Napoleon Camped Here? Really?

Ajaccio, Corsica:

This morning Margaret had breakfast in the room, and it was La Veranda for me. We read books in the room in the morning.  Margaret finished her book Lost Lake which was a quick read.  I had started reading a book called “All the Light We Cannot See” yesterday.  I had made some progress and was really enjoying it but realized that I wouldn’t be able to finish it on the ship.  When I went to get a coffee later in the morning I found a book called the Pope and Mussolini.   It is a historical recounting of the relationship between Pope Pius XI and Mussolini during his rise to power and WWII.  It seemed to be very interesting stuff.  I decided to start that book and finish the other excellent book when I could spend more time on it.

We had lunch in Compass Rose and then decided that Margaret would go on the tour but we would spend an hour walking around old-town Ajaccio before the tour. After we walked through town, including seeing the family home of Napoleon which is now a museum but was closed today, we returned to the ship to pick up our tour numbers. Halfway back to the ship Margaret said that she wasn’t going to go on a 2 ½ bus ride when it was going to rain. Turns out she was right! Napoleon was born here and returned here often. In order to make the afternoon tour more interesting I had to think that, when he was the equivalent of a French Boy Scout he must have gone camping where we are going today.  And the idea of that was what made the trip interesting for me.

But, you know me; I was going to go no matter what to see more of Corsica and that I did.  The tour took us up to the mountains which are pretty much pure stone, although there were lots of oak trees (including cork oaks) and maritime pines at first and then another type of trees later that were more traditional very tall pines that made good lumber.

It rained a bit and got much cooler. The highest mountain peak was over 2,400 meters and was dramatic. The plan was to turn on a small road that went down to a restaurant and rail station that was located in a valley. But, the turn was too sharp for the bus so we had to head down a few miles further to turn around on a dirt area designed specifically for that.

On Corsica there are wild boars running around (wild of course, after all they are “wild” boars) on most of the island. There are lots of chestnut trees and the boars love to eat the ones that fall on the ground. Turns out this makes for very tasty boar meet which, when turned into salami is an expensive delicacy around the world. At the stop we were offered some spec and wild boar salami (but not the pricey stuff), some cheese and boxed wine. Not really much to write about that. But, I’ll probably figure out a way to anyway, here goes.  I walked around to take some pictures of the old decayed hotel which had once made this location a famous mountain resort. The shortest writing I’ve ever done after a warning!

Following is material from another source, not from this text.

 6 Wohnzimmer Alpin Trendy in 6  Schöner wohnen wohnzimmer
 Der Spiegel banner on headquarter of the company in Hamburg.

Unfortunately, that hotel is really incredibly decayed and now the area around it is near a spot where you can pay 5 Euro to put up your tent overnight as a stop-over on a hiking trail. The bus took off about 4:30 so we could get back to the harbor by 5:30 which was when everyone was supposed to be aboard for a 6:00 pm departure. Our tour guide, Alex, asked if we still wanted to go by the hillside village on the way down. It was supposed to be our first stop but, because it was raining, she delayed it. Everyone said “No, let’s just return to the port”. Yet, when the turnoff came the bus went to the left anyway. The hillside village was pretty typical stuff in these parts so when she asked if we wanted to stop and look around for a while everyone said “No”. This time, fortunately, she listened and the bus continued on.

Everything was going well until we got close to town at which point the traffic turned into stop and go, mostly stop, for about 5 miles. Time clicked away and at 5:30 we were still about 2-3 miles from the Mariner.   We didn’t get back until just before 6:00 pm and the Mariner’s departure was delayed because of us. Oops!  The tour lady probably took some major heat (to put it mildly) from her boss.  I still gave her a 5 Euro tip because she really did try to show us more stuff and, after all, this is her world.

The announcement by the captain upon departure said that because we left late we would be delayed on our arrival into Portofino in the morning. Double oops!

We went up to the Observation Lounge for some Pink Flowers with our favorite bartender, Mihaela. We spent some time talking with the piano player and having some conversations with the other waiters and some fellow cruisers. Good times!

After we had dinner at the Compass Rose which went well enough until Margaret’s dinner came. Very salty, not what she expected and she barely touched it. Fortunately, this was the first time this has happened in 12 nights.  Hopefully, tomorrow things will be better.